Job Description:
We are looking for passionate and hardworking DevOps / Site Reliability Engineers (SRE) to work with one of our leading customers.
Responsibilities:
- As an SRE, you’ll need to solve these problems using data, teamwork, and your expertise.
- SREs own platform stack of the production environment; from covering issues related to the application functionalities to addressing infrastructure disasters — our responsibilities are both broad and deep.
- The platform runs on the Microsoft Azure cloud and follows a microservices architecture that consists of open source, vendor licensed, and internally developed tools to perform functions such as provisioning, software deployment, logging, and monitoring.
Requirements:
- Strong sense of ownership and integrity demonstrated through clear communication and collaboration.
- Experience in managing and scaling distributed systems in a public, private, or hybrid cloud environment.
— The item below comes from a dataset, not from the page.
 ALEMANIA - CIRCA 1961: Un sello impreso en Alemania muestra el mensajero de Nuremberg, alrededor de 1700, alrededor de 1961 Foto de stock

- The ability to design, author, and release code in .NET and C# language.
- Strong drive to automate manual operations and to improve them through repeated iteration.
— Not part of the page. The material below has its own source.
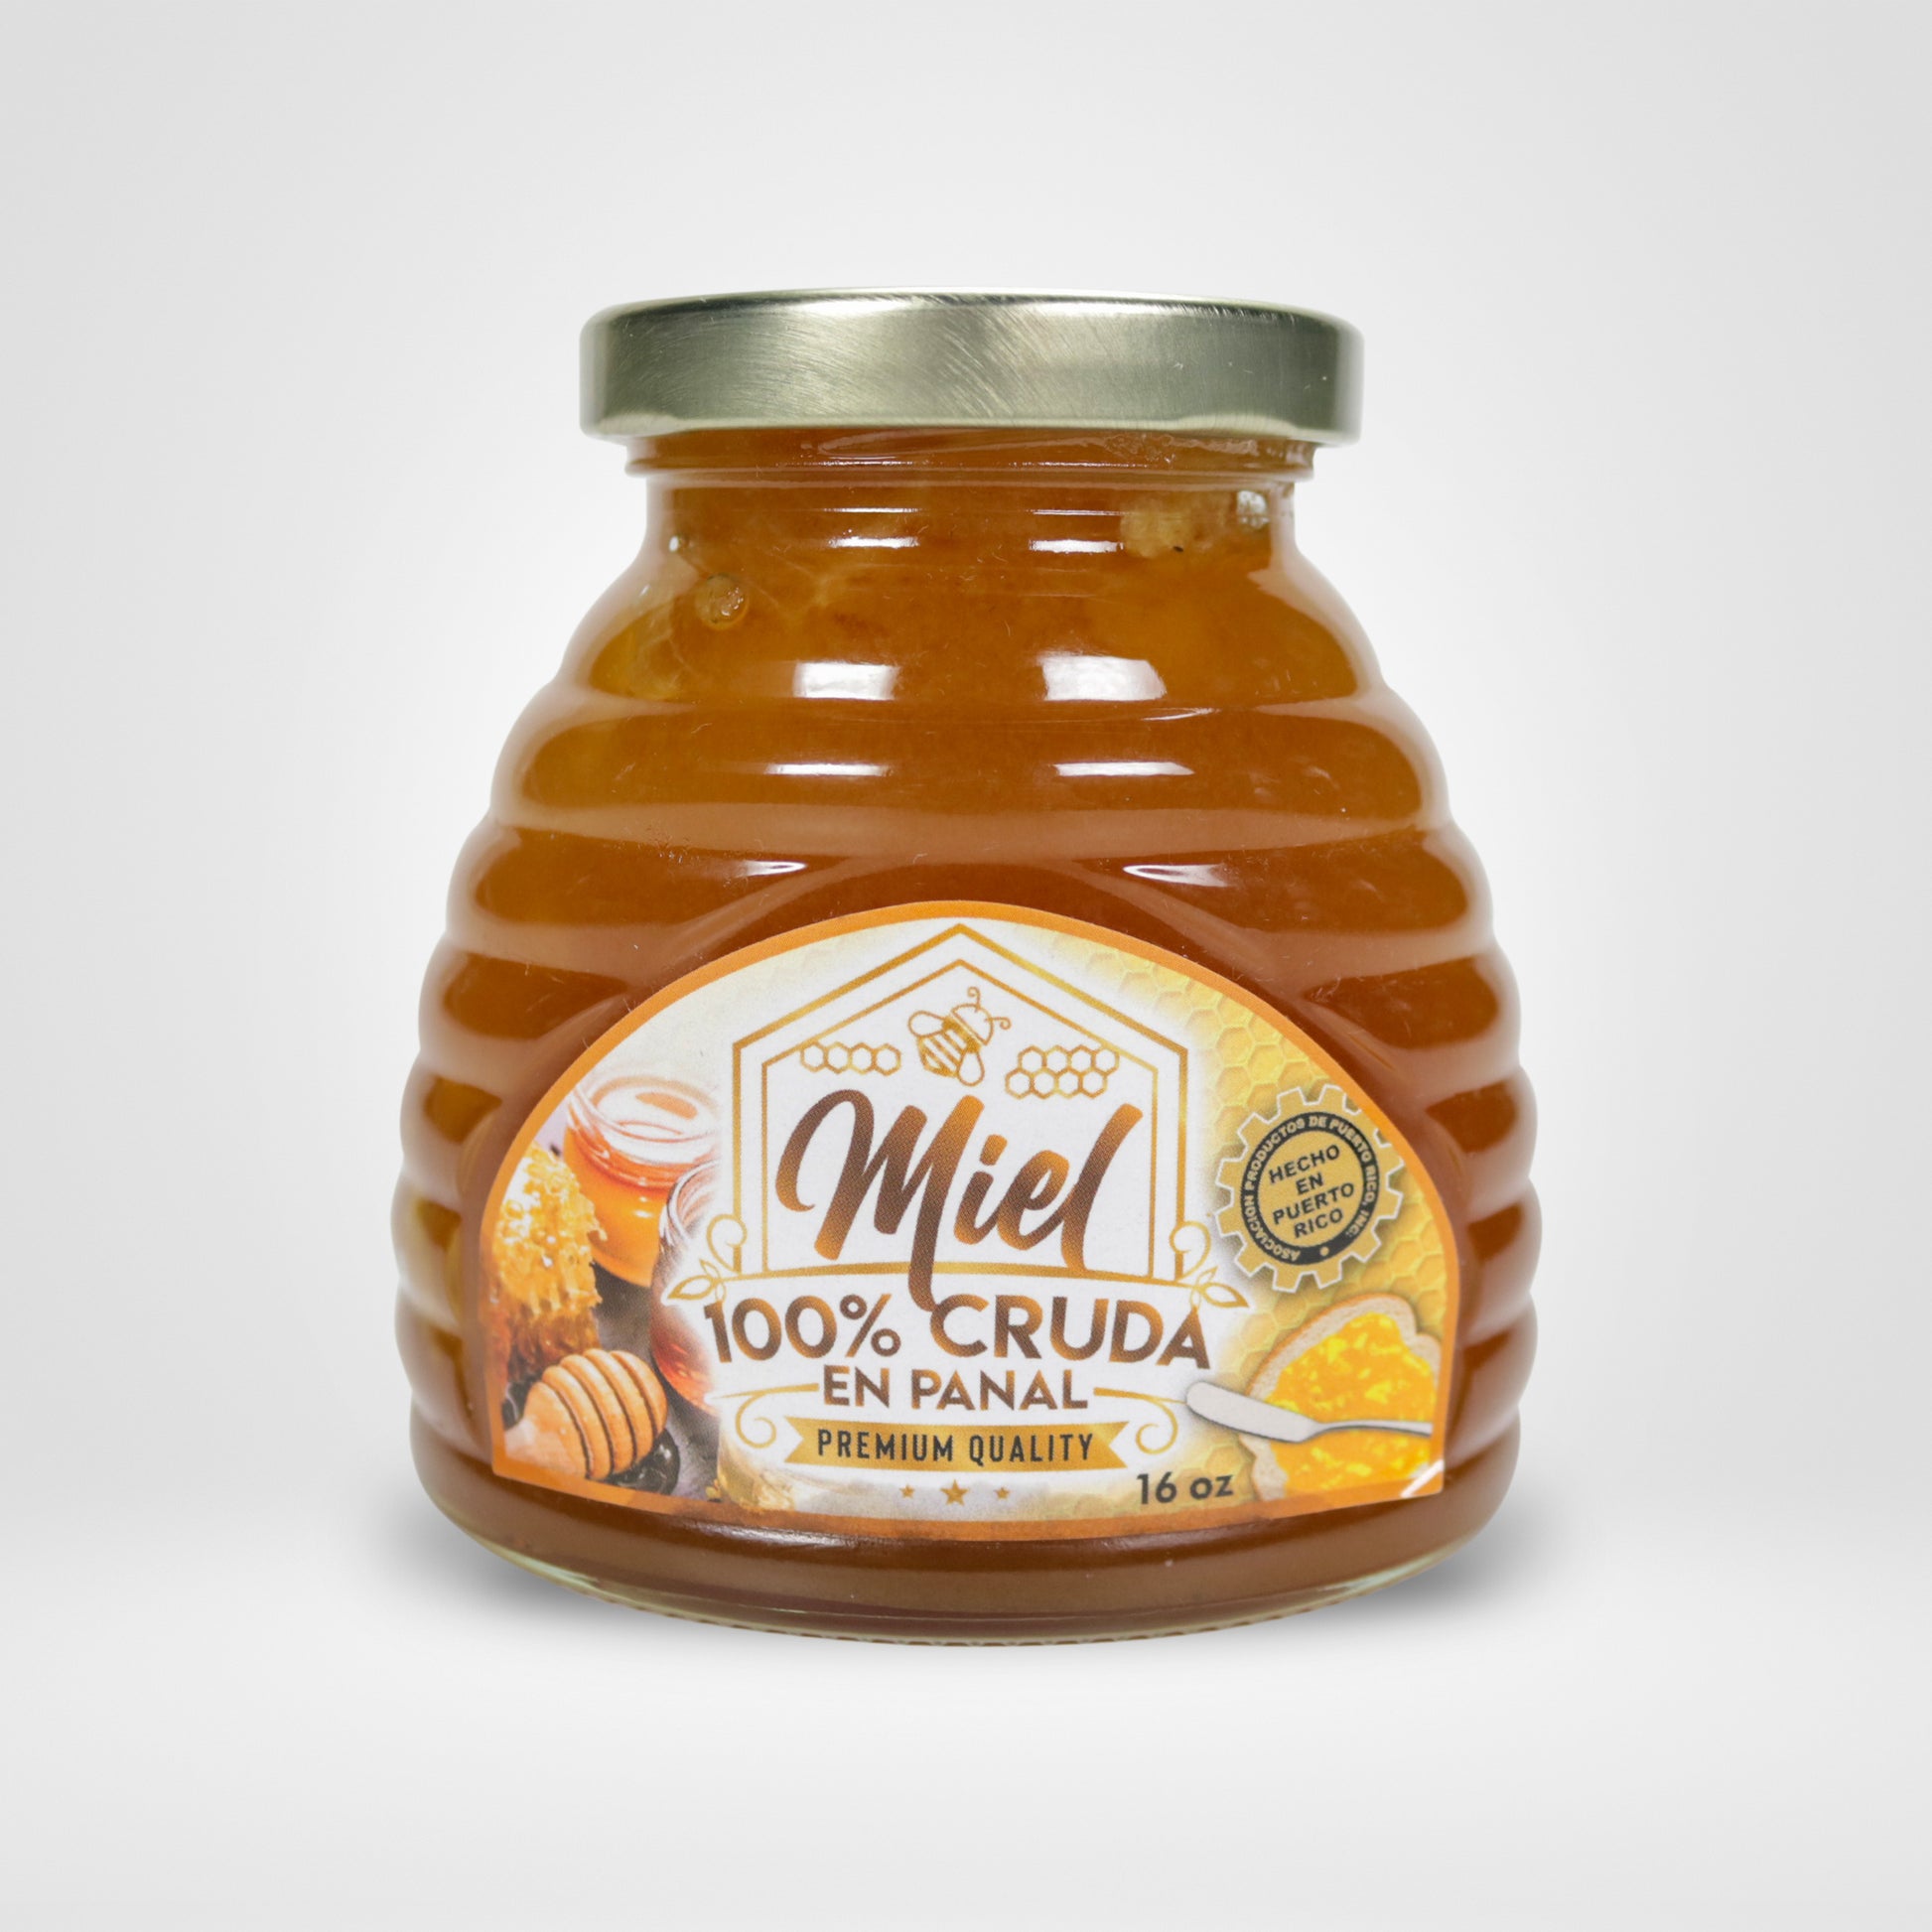 Panal de miel de Bellota  Compra Online en Miel Sierraflor

- Good understanding of various Azure cloud services and resources.
- Familiarity with microservices architecture and container orchestration with Kubernetes.
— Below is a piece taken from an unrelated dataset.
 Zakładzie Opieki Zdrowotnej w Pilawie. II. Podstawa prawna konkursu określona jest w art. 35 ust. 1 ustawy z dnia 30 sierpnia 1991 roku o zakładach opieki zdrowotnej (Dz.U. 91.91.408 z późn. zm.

- Hands-on experience managing large numbers of diverse systems with configuration management or software delivery platforms (such as Puppet, Chef, Ansible, and Spinnaker).
- Experience with deploying, supporting, and supervising new and existing services, platforms, and application stacks.
- Familiarity with Continuous Integration and Continuous Delivery processes and a solid understanding of the software development life cycle.
- Excellent troubleshooting and problem-solving skills.
- Experience with scale testing, disaster recovery, and capacity planning.
- BS/MS in Computer Science or equivalent (software development or production operations experience in a large-scale environment).
- Willingness to participate in on-call rotation.